This is a message that I got from a friend who just spent a few weeks in Uganda with CURE International. I just had to share her story with you. It reminds me that God loves us, broken as we are and that our hope doesn't come from anything this world can offer. It can only come from Christ and what He has done.
So I'm not exactly sure where to start. or what to say. coming back to america makes my time in africa seem like a dream. but i'll try to jump in and give ya some insight about probably the hardest and most influential thing that happened while we were there.
The first day at the CURE children's hospital, I was chosen along with one other team member to follow the Spiritual Leadership department around the ward and pray for the babies who were suffering from hydrocephalus, brain tumors and spina bifida. Most of the babies that we saw were suffering from hydrocephalus which is a buildup of fluid in the skull which leads to a very disfigured head and causes a lot of pressure and pain. We walked into the ward which lacked air conditioning and the seemingly expected comforts of home and were greeted by smothering mosquito nets and the sound of crying babies. My team member and I both felt pretty uncomfortable about praying with these mothers because we didn't know the language, the culture and we couldn't relate to them in any obvious way. At the first babies bed, the mother proudly called herself a believer and we prayed with her and held her sweet baby as we reminded her that while her situation seems dark, the Lord will never leave her alone and is with her, even now. She cried, we cried and we moved to the next baby's bed.
As we were moving to the next bed, the Ugandan Spiritual Leader told us that the mothers at the hospital are the bravest women we will probably ever come into contact with. He said that when a baby is born with a disability in Uganda, the village shuns the mother, the husband leaves her and the baby and the whole society looks down upon her. Western Medicine tells us that this is something that can't be helped, but Ugandans lack the same biological understanding that we have. To them, it is their fault that their baby was born this way - either they did something wrong or they were cursed by someone who doesn't like them. This stigma, the Spiritual Leader told us, leads most mothers in Uganda to neglect their disabled babies until they die or even kill them themselves. The mothers that we were meeting were the ones who took it upon themselves to find a cure for their child - to travel from countries away without food or water - to leave their village and everything they knew to come to the CURE hospital for treatment. These mothers had an unspeakable amount of bravery and a faith, they told me, that came from God.
At the next baby's bed, the mother was clearly depressed. She had spent the whole night holding the baby and seemed to be at the brink of falling apart. The pastor asked me to say something to the mother and I told her that while the love of friends can be conditional and a husbands love can fall short, the love of God is perfect and unconditional. I reminded her that God's love is unfailing and He is at work in her life and the life of her sweet baby as we speak. I held her and prayed with her and reminded her that God, the CURE staff and myself love her and are here to support her.

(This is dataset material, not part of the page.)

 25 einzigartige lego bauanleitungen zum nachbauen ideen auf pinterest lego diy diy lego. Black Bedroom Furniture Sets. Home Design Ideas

The next day at devotions, a lady from the ICU came in and slipped a piece of paper to the pastor. At the end of the sermon, he told us that baby Claire had just passed away. The name sounded familiar and within seconds I lost all coloring in my face and I honestly thought I was going to pass out. Baby Claire was the baby whose mother I had prayed with the day before - the mama who was depressed and needed support and love. After devotions, my teammate Lauren and I went to a room where baby Claire's mom, Lydia, was waiting for her husband to arrive. He was coming from 4 hours away and driving a moped so the journey wasn't smooth. We sat with Lydia for hours - holding her, praying with her, crying with her. We told her that baby Claire was in heaven now and in no pain. I think this was the only thing that made her smile during the few hours following her baby's death. The doctor came in a little bit later and told her that baby Claire had died of a simple infection that she couldn't fight because she was malnourished. My sadness immediately turned to a passionate anger. Baby Claire died of malnourishment. Baby Claire died of poverty. Baby Claire's death was preventable. Baby Claire should still be alive.

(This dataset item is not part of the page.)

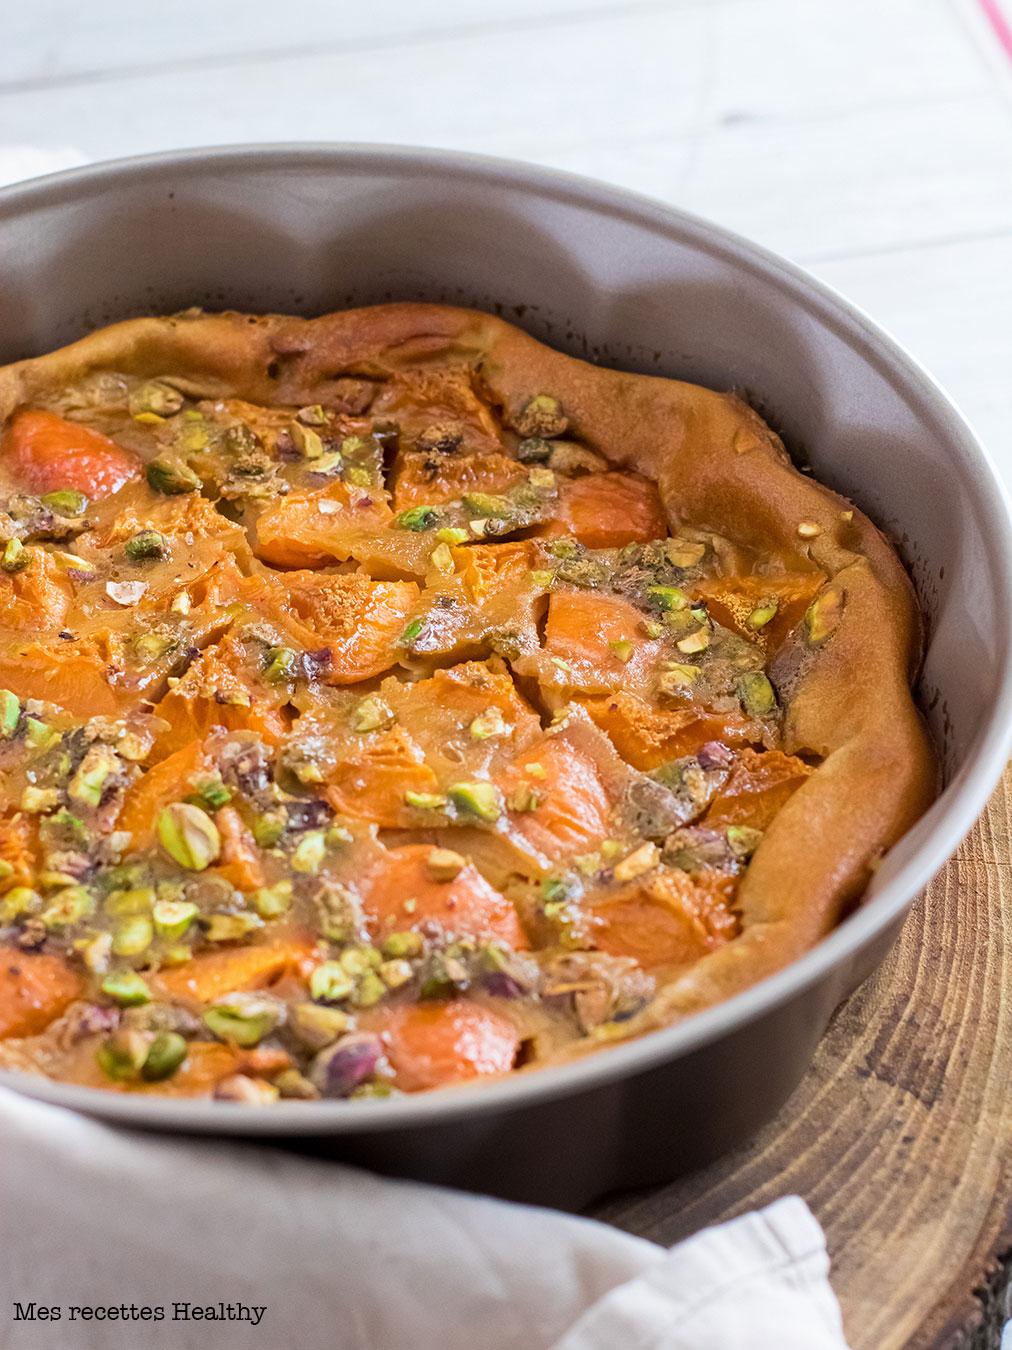 recette healthy-far aux abricots-pistache

All of this happened the second day we were there. I'm still dealing with the fact that baby Claire wasn't as lucky as I was to be born in a country where dying of malnutrition is unheard of. Seeing a 2 year old's coffin is something that will be burned in my mind forever, but the hope that was in Lydia's eyes when she knew that baby Claire was in heaven dancing with Jesus is also unforgettable. Lydia was 23 years old and had just lost her baby girl. She had no food, no clean water, only one pair of clothes and no way to get home. She had every reason to lose hope - but she didn't. Her hope was in Christ and between prayers and tears, she would smile and remind me that she knew that her sweet baby girl was in the arms of Jesus. She taught me a lesson about hope, about strength and about faith. My team member and I thought that our prayers on the first day were broken and messy, but for Lydia, they were exactly what she needed to hear.
Psalms 9:18
But the needy will not always be forgotten, nor the hope of the afflicted ever perish.